### TASK:
Exactly the lines from the one containing "Роберт Кійосакі прогнозує" through the final line of the data below, with pictures omitted, make up the answer.

### INPUT DATA:
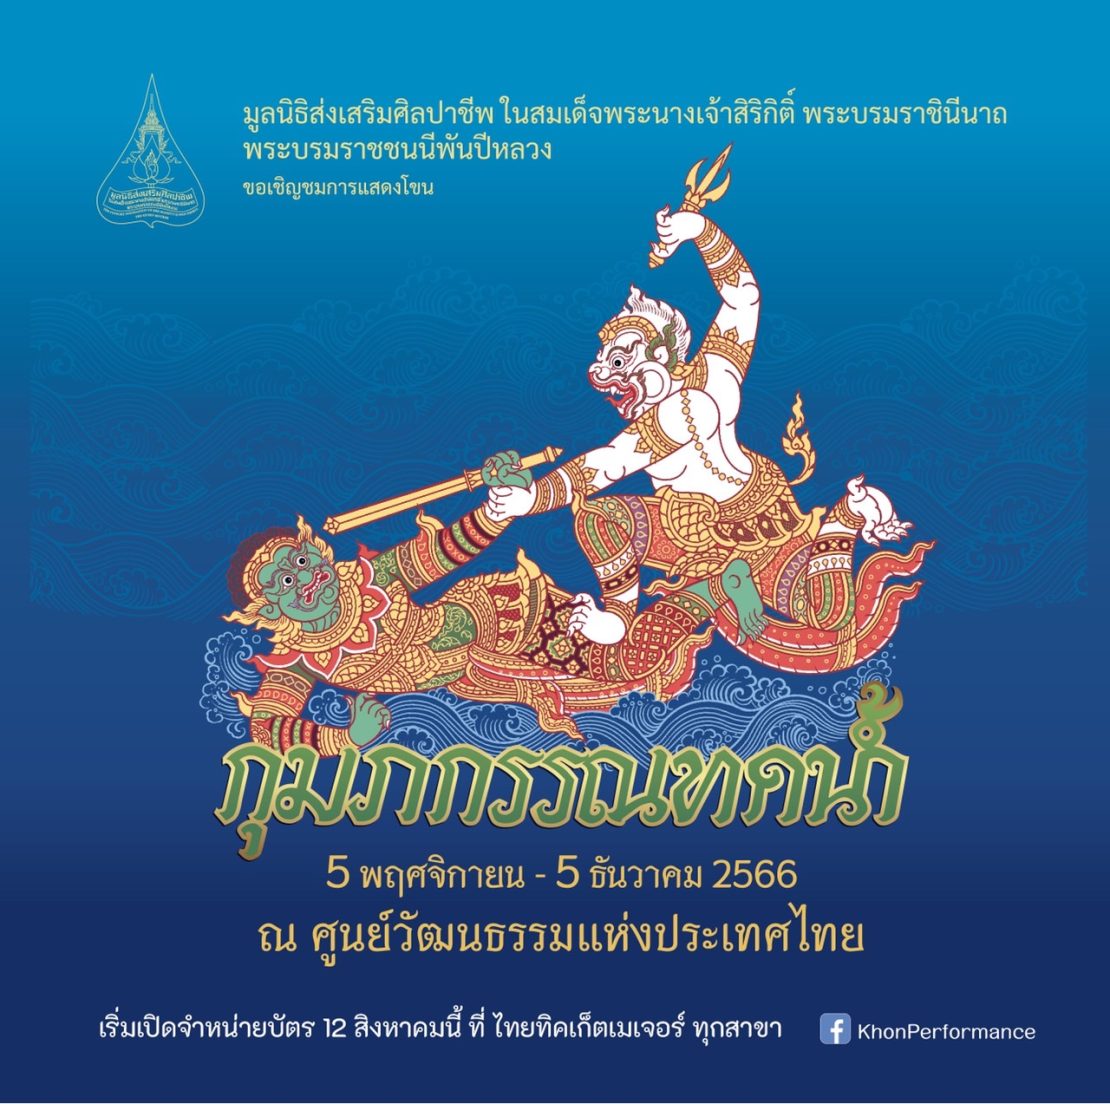 มูลนิธิส่งเสริมศิลปาชีพ เปิดการแสดงโขน เรื่องรามเกียรติ์ ตอน “กุมภกรรณทดน้ำ” ณ หอประชุมใหญ่ ศูนย์วัฒนธรรมแห่งประเทศไทย ระหว่างวันที่ 5 พฤศจิกายน ถึงวันที่ 5 ธันวาคม 2566 เปิดจำหน่ายบัตรตั้งแต่วันที่ 12 สิงหาคม เป็นต้นไป ที่ไทยทิคเก็ตเมเจอร์ทุกสาขา
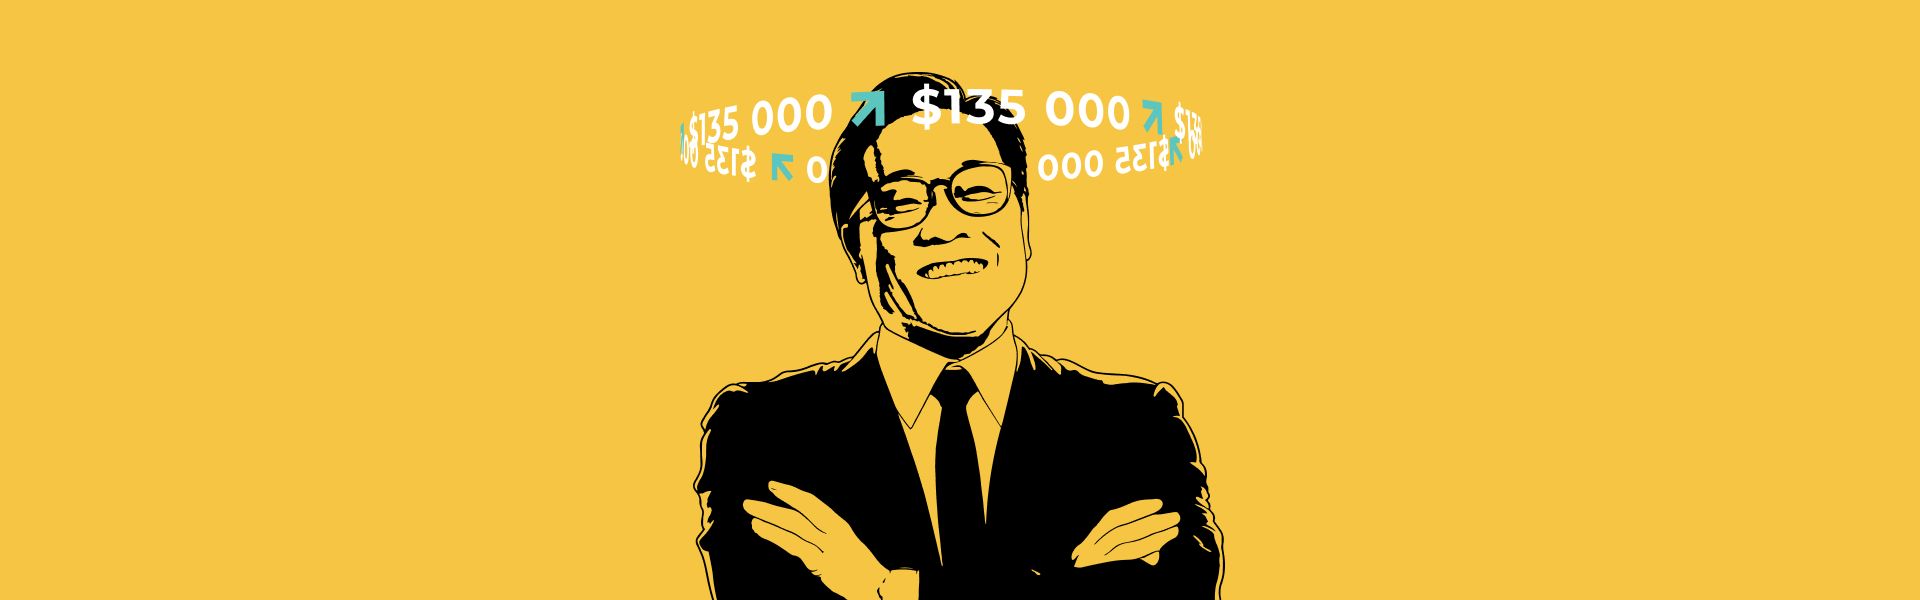 Роберт Кійосакі прогнозує біткоїн за $135 000
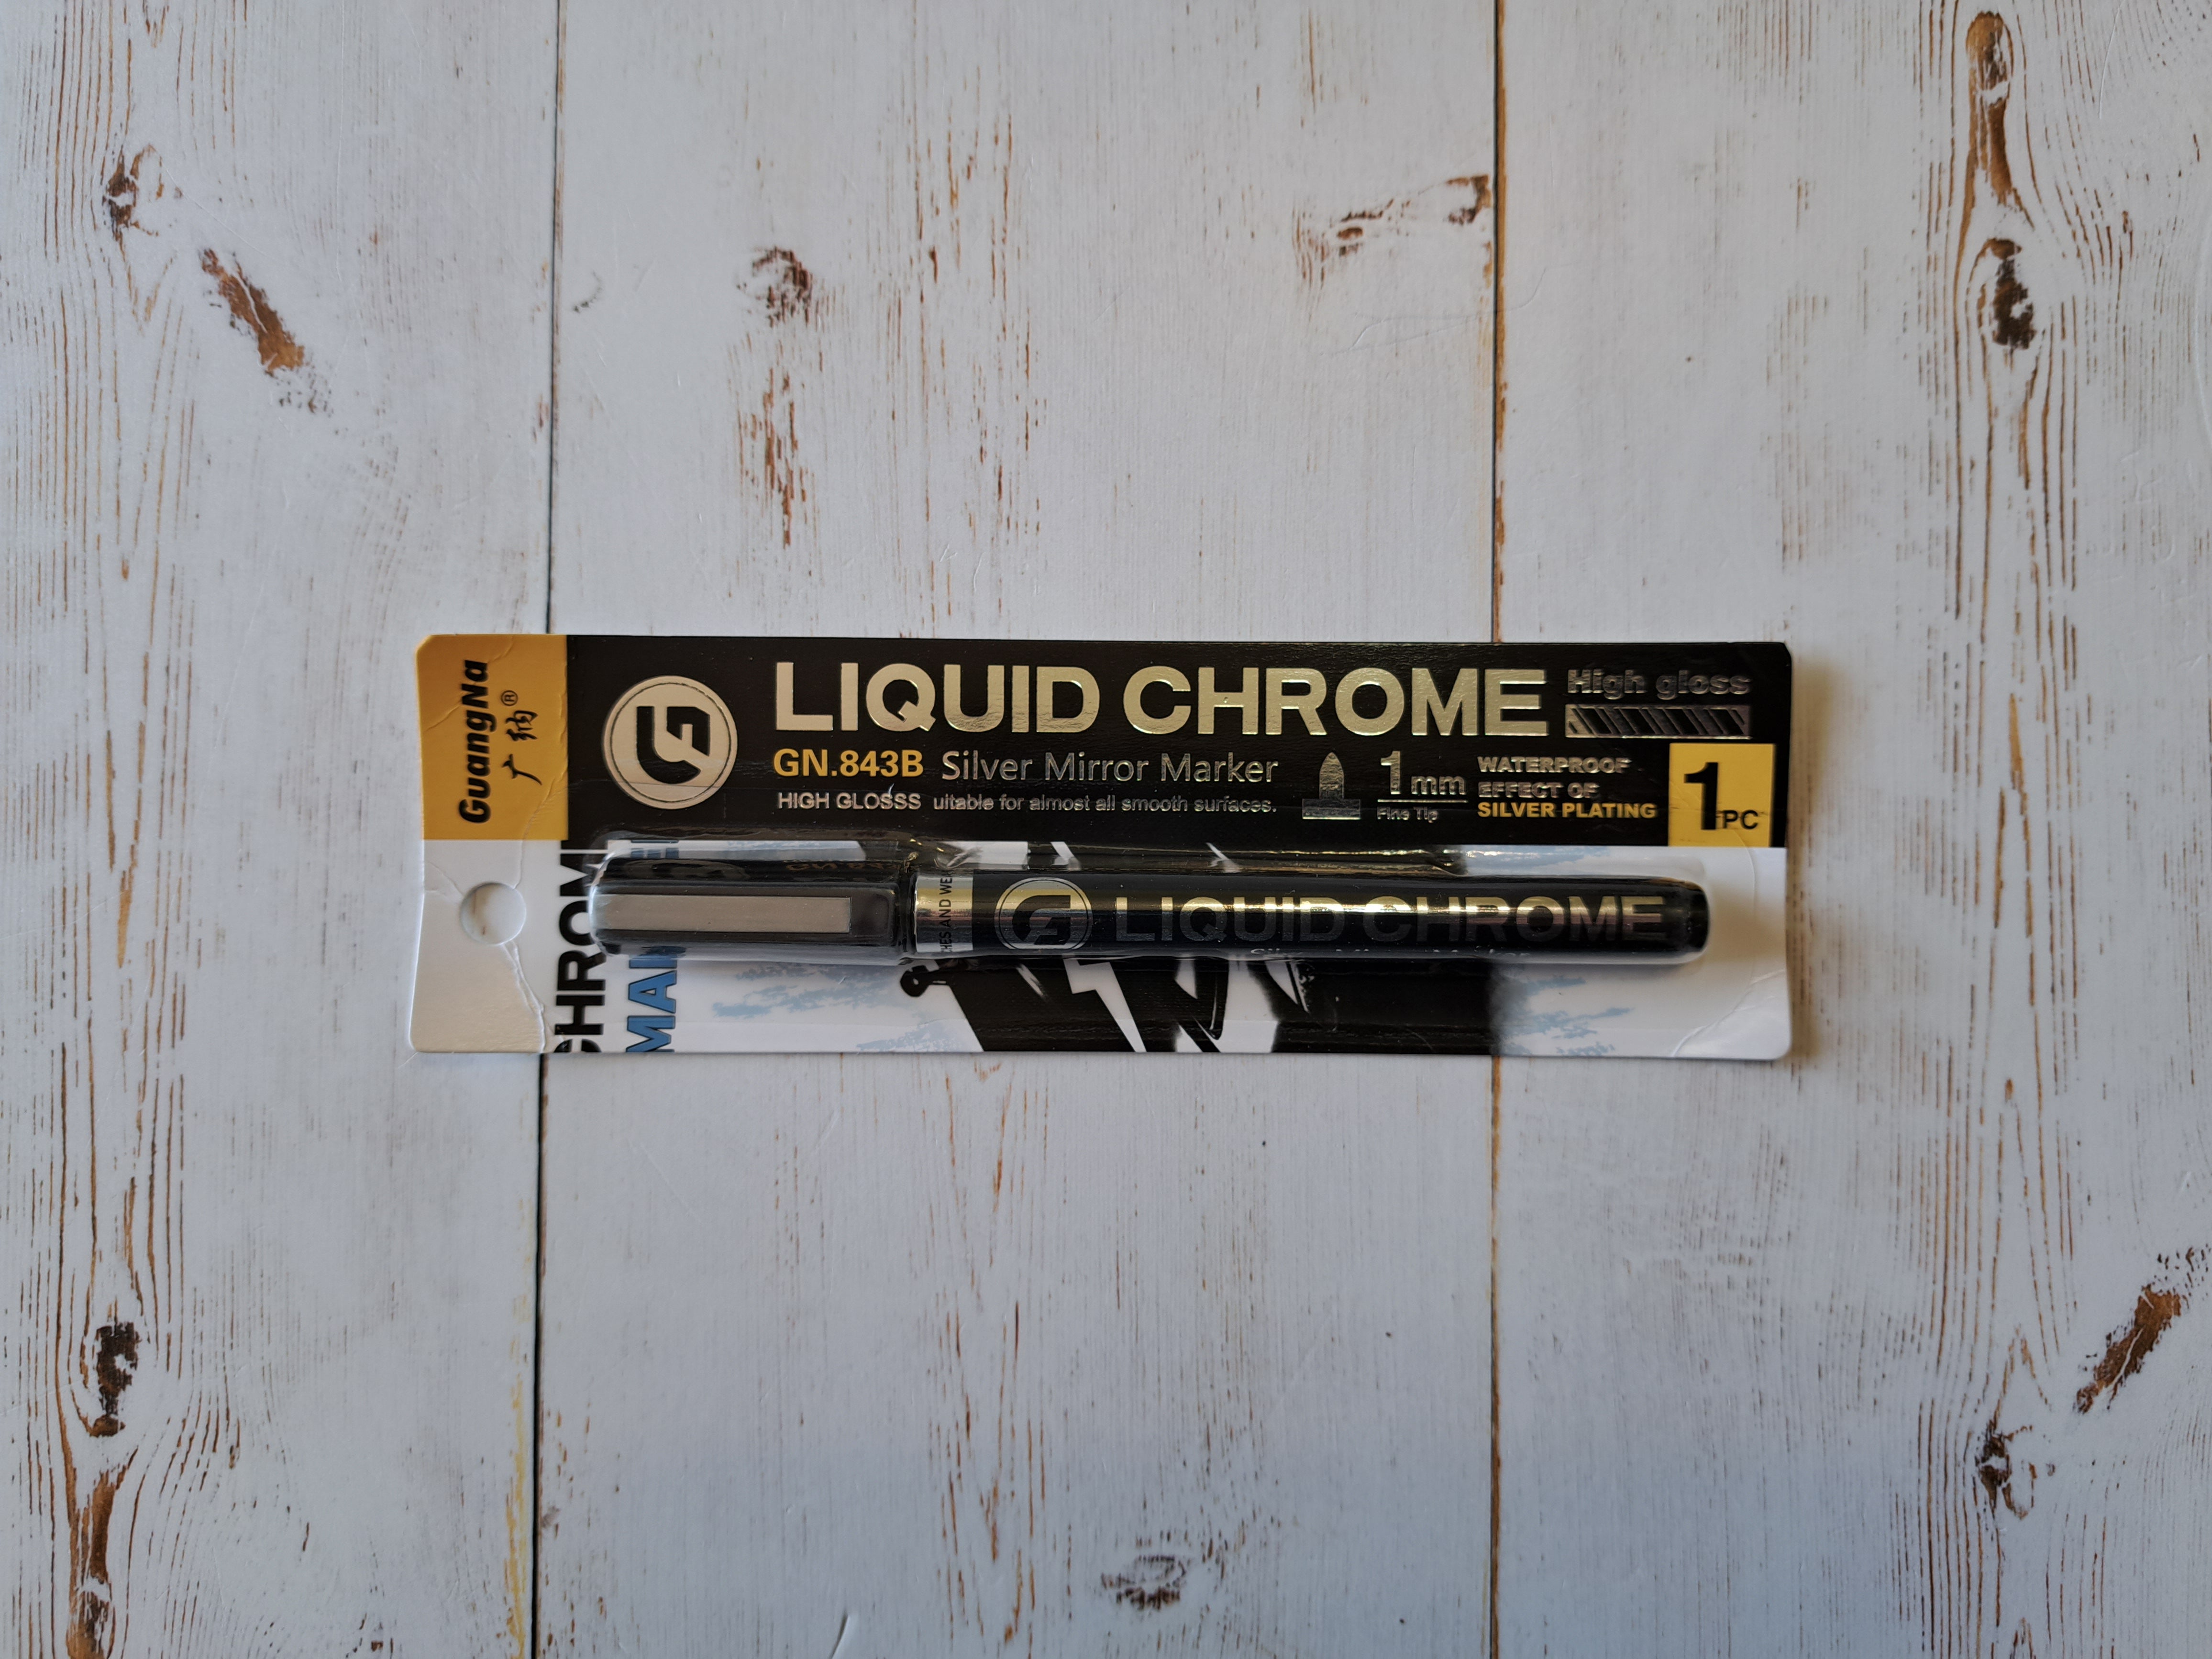 1mm - Liquid Chrome Marker - Each

### SOLUTION TO THIS EXERCISE:
 Роберт Кійосакі прогнозує біткоїн за $135 000
 1mm - Liquid Chrome Marker - Each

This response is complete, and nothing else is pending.